An advantage of this arrangement is that there are no load reversals at any point in the mechanism during clutch engagement and disengagement. This both facilitates the design of some of the pivots and tends to eliminate the lost-motion which would require high pedal loads or a long pedal travel. This is achieved with a push-type clutch as indicated by arrows 33 illustrating the direction of a release load. If desired, the characteristic of the clutch can be adjusted at the design stage by altering the lever ratio associated with levers 28. This makes it possible to provide a series of fundamentally similar clutches with differing characteristics whilst maintaining a large number of common components from one clutch to the next.

Fig. 5 is a view corresponding generally to the upper part of Fig. 2 but showing two significant modifications. Firstly, instead of locating the diaphragm spring by enlarged castellations 29A, the reaction member 34 is provided with elongated bent out tabs 35 which engage and locate on the outer periphery of the diaphragm spring 23. Also, the generally C-shaped levers 28, which although they are simple pressings require carefully rounded ends, are replaced by pressings with outwardly bent ends to provide suitable pivotbearing surfaces in a simple pressing without any subsequent machining.

In Fig. 5, the levers may be located by forming all thirteen levers integrally in a single pressing with the levers joined to each other by narrow webs.
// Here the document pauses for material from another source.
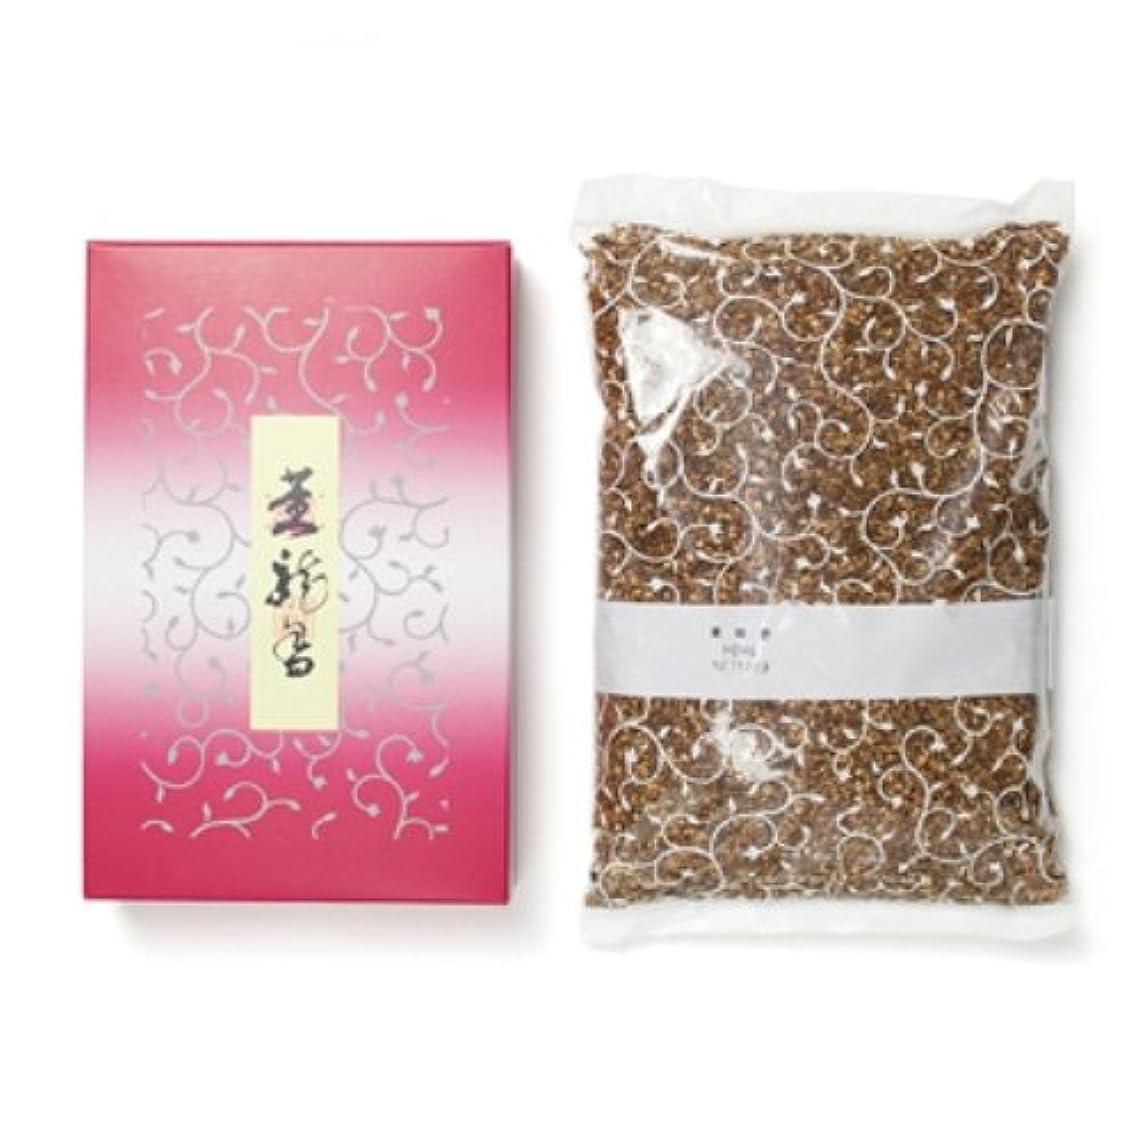 つづりダイエットひねり松栄堂のお焼香 薫竜香 500g詰 紙箱入 #410211

The webs should be sufficiently thin to allow the required pivotal movement of the levers. This arrangement also simplifies clutch assembly.

Claims (7)

1. A friction clutch cover assembly comprising a cover arranged to be rotatable with an engine flywheel, an annular pressure plate movable axially with respect to the cover and constrained to rotate therewith, a diaphragm spring acting between the cover and the pressure plate to in use urge the pressure plate towards the flywheel to clamp a driven plate therebetween wherein the diaphragm spring is supported adjacent its outer periphery against movement towards the pressure plate and wherein the load from the diaphragm spring is transmitted to the pressure plate by a series of levers, each bearing against the diaphragm spring and the pressure plate and being supported by the cover between the bearing points with the diaphragm spring and the pressure plate.

2. A friction clutch cover assembly as claimed in claim 1 wherein the pressure plate has projections which extend through apertures at the roots of fingers of the diaphragm spring for engagement with the levers.

3. A friction clutch cover assembly as claimed in claim 2 wherein the diaphragm spring is located with respect to the pressure plate by some of the projections.

4. A friction clutch cover assembly as claimed in claim 1 or claim 2 wherein the support for the diaphragm spring adjacent its outer periphery is provided by a reaction member located with respect to the mounting of the cover and extending inside the cover.

5. A friction clutch cover assembly as claimed in claim 4 wherein the diaphragm spring is located by tabs projecting from the reaction member and engaging the outer edge of the diaphragm spring.

6. A friction clutch cover assembly as claimed in any one of the preceding claims wherein the cover carries a wire fulcrum ring which provides the bearing points for the levers on the cover.

7. A friction clutch cover assembly substantially as described with reference to and as illustrated by Figs. 1 to 4 of Figs. 1 to 4 as modified by Fig. 5 of the accompanying drawings.